Podendo ser compreendida como categoria nativa, a mística é uma prática que ocorre
pela combinação de ânimos, ideias e ações que, na perspectiva sem terra, são politicamente
orientadas. A mística deve concretizar, por meio de ações comunitárias, ideias e emoções
ligadas ao projeto mais amplo de reforma social e política. Isso significa que a mística tem
lugar quando ações coletivas são capazes de suscitar certos estados de ânimos que, juntos, têm
o efeito de ativar e rememorar as bases ideológicas do MST.
A natureza da mística é, assim, modulável e criativa; quaisquer ânimos, ações práticas
e valores ideológicos podem ser postos em associação para compor a prática. Ela não é pré-
definida, o que importa não é seu conteúdo exato, mas o modo como os elementos que a
compõem se associam. Cantar o hino do MST e sentir esperança enquanto se pensa em reforma
agrária pode configurar a mística, mas cantar em roda e sentir solidariedade por companheiros
sem terra mortos ou feridos em confrontos também faz com que ela tenha lugar. O que é
essencial para a realização da mística é o resgate de elementos compartilhados pela
comunidade, de modo que as ações, ânimos e ideias estão sempre sendo rearranjadas e
renovados de modo situacional. A centralidade da mística para o MST liga-se a sua capacidade
adaptativa, o que faz com que seja possível localizá-la em ramificações do movimento, tais
quais o Movimento dos Trabalhadores Sem Teto (MTST) e a Comissão Pastoral da Terra
(CPT), com suas circunstâncias e especificidades; na CPT, por exemplo, a mística se expressa
e se atualiza na forma de rezas católicas (DE ALMEIDA, 2005).

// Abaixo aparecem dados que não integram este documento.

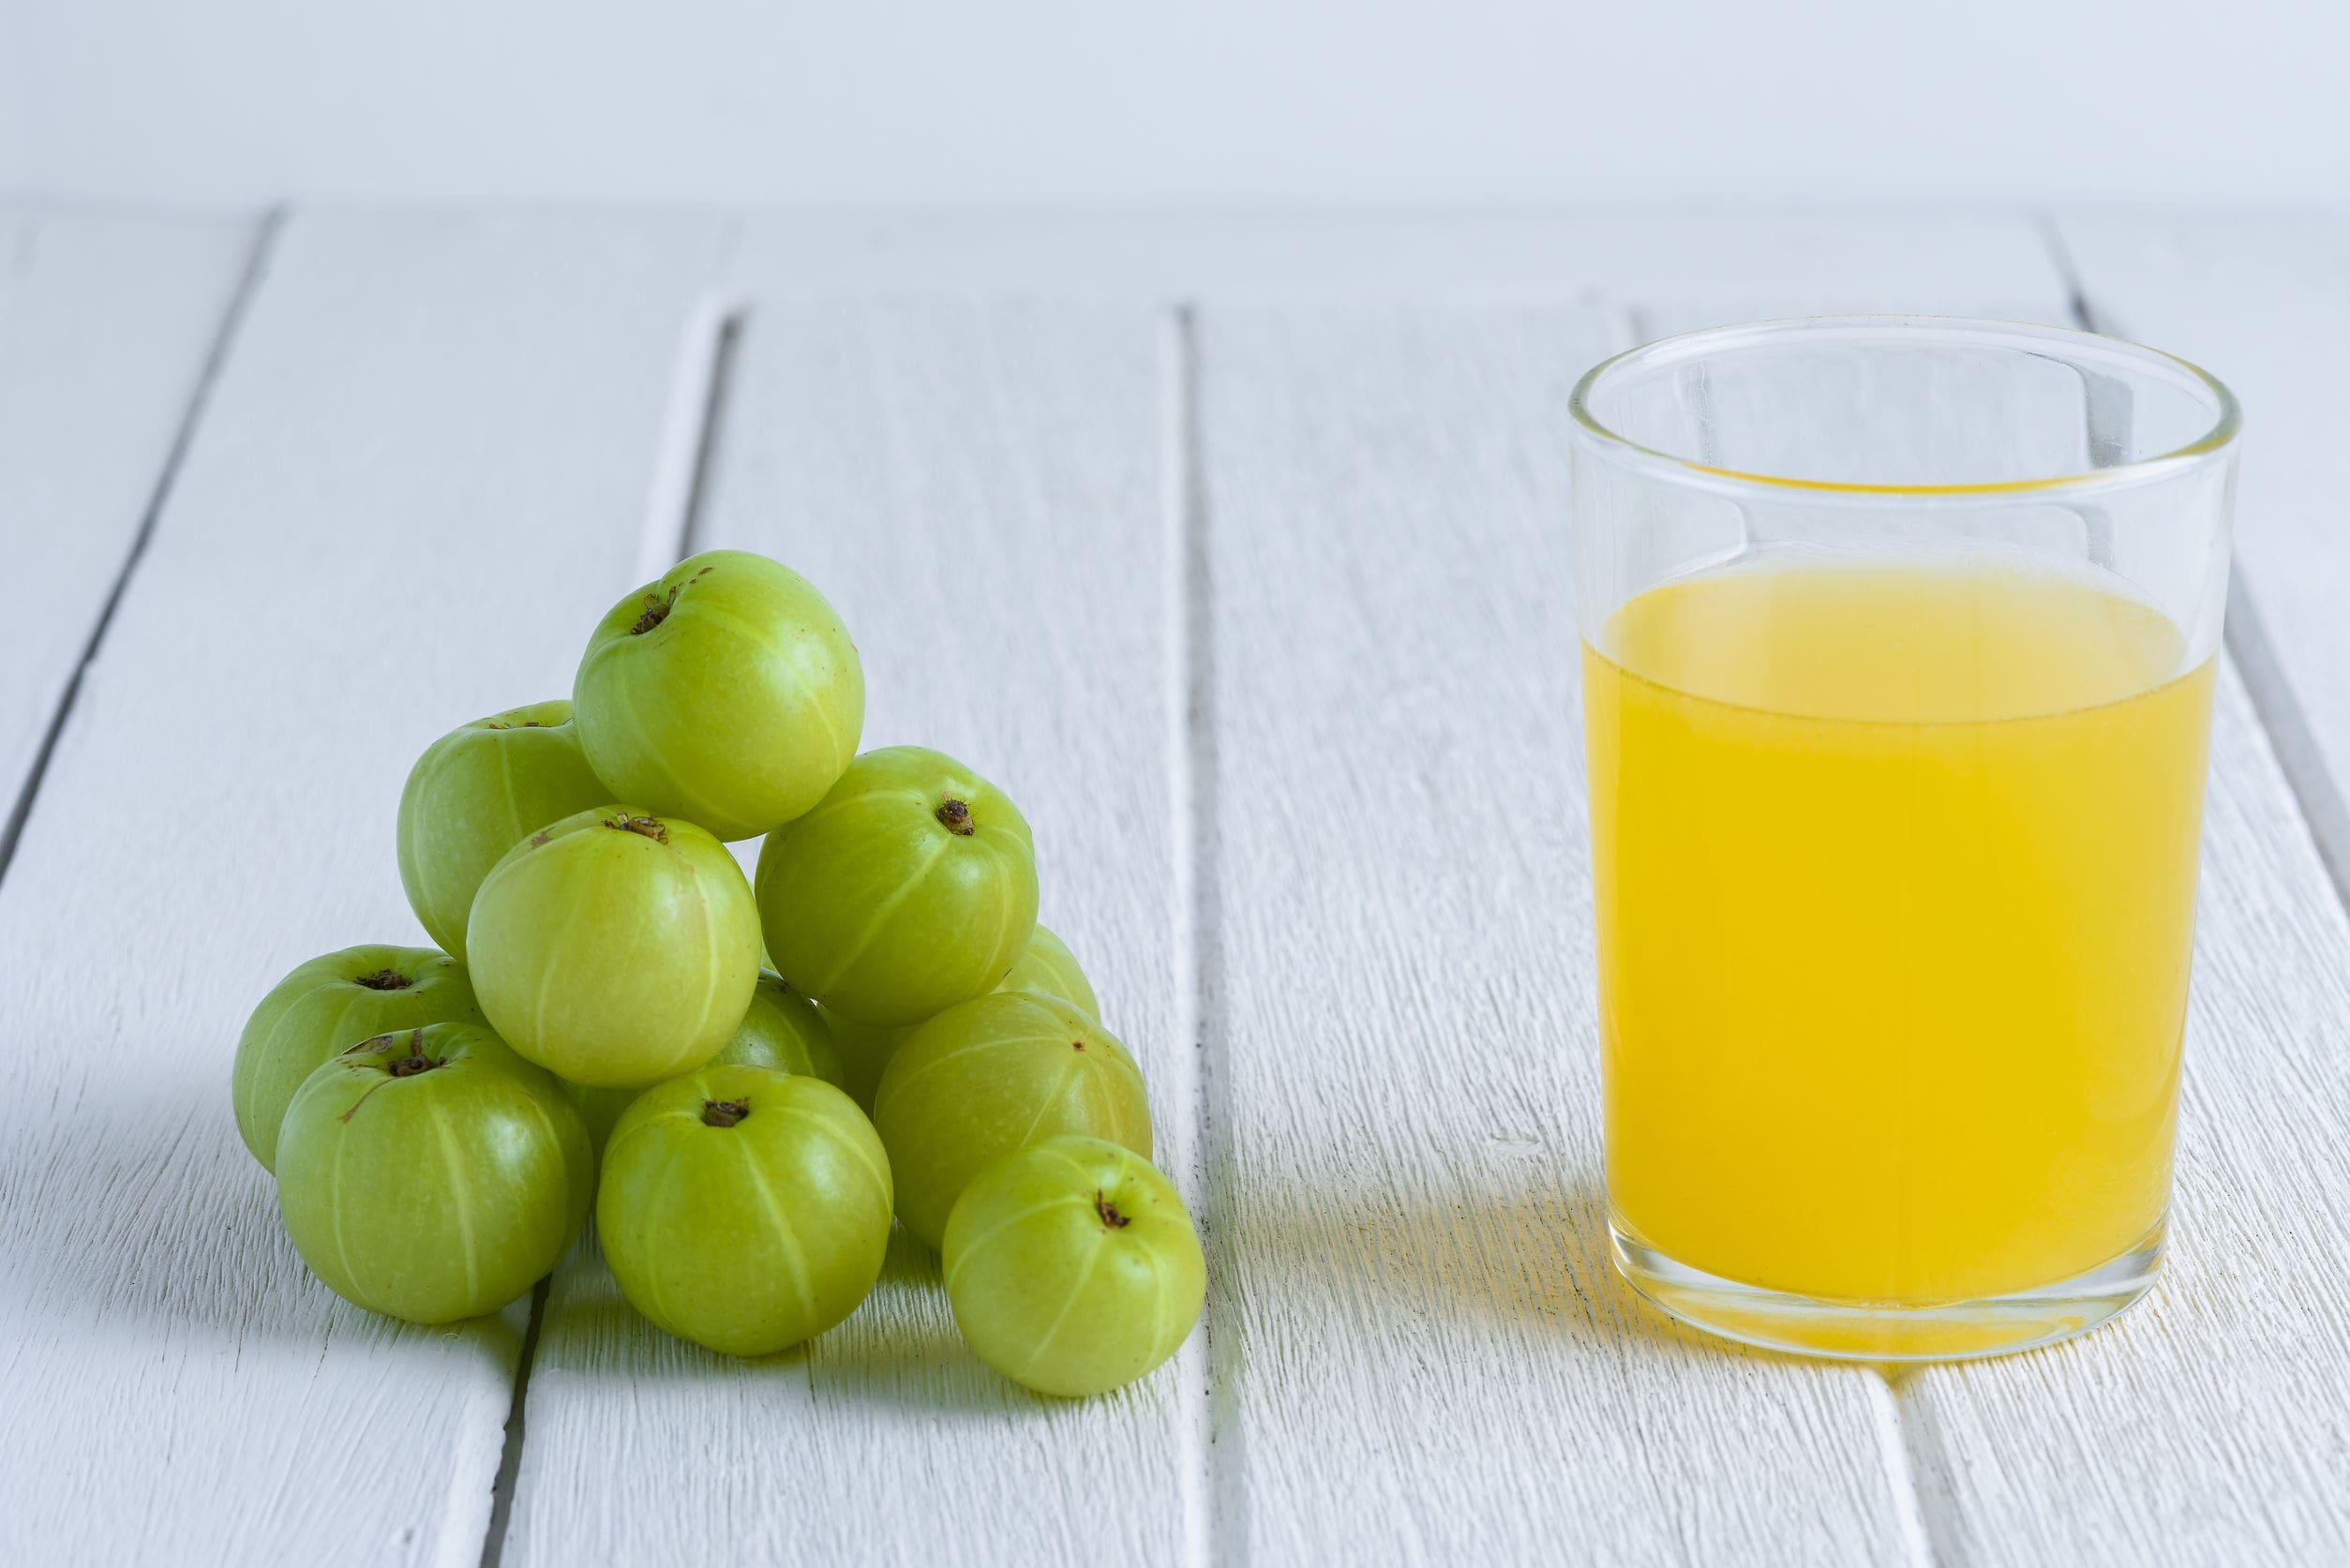 Benefits of Indian Gooseberry or Aamla

Diante disso, a mística pode ser entendida como método de engajamento político dos
sem terra (PELOSO, 1998) e como forma de criar experiências e solos comuns capazes de
resgatar os princípios móveis ideológicos do movimento. Assim, ela é uma técnica que
interpela tanto o sujeito individual quanto o coletivo, e, como tal, parece ser um caso exemplar
de prática mnemônica, de acordo com as formulações de Mary Carruthers (2011). Embora
tratando de um universo distinto (as retóricas e a meditação monástica na Idade Média), a
autora lança sugestões importantes para que pensemos as “artes da memória”; memória que
deve ser compreendida, segundo ela, como prática e técnica, pensamento e imaginação, e que
é "colorida" pelos sentimentos. Dessa forma, continua, a rememoração se dá à medida que
ideias e afetos são acionados.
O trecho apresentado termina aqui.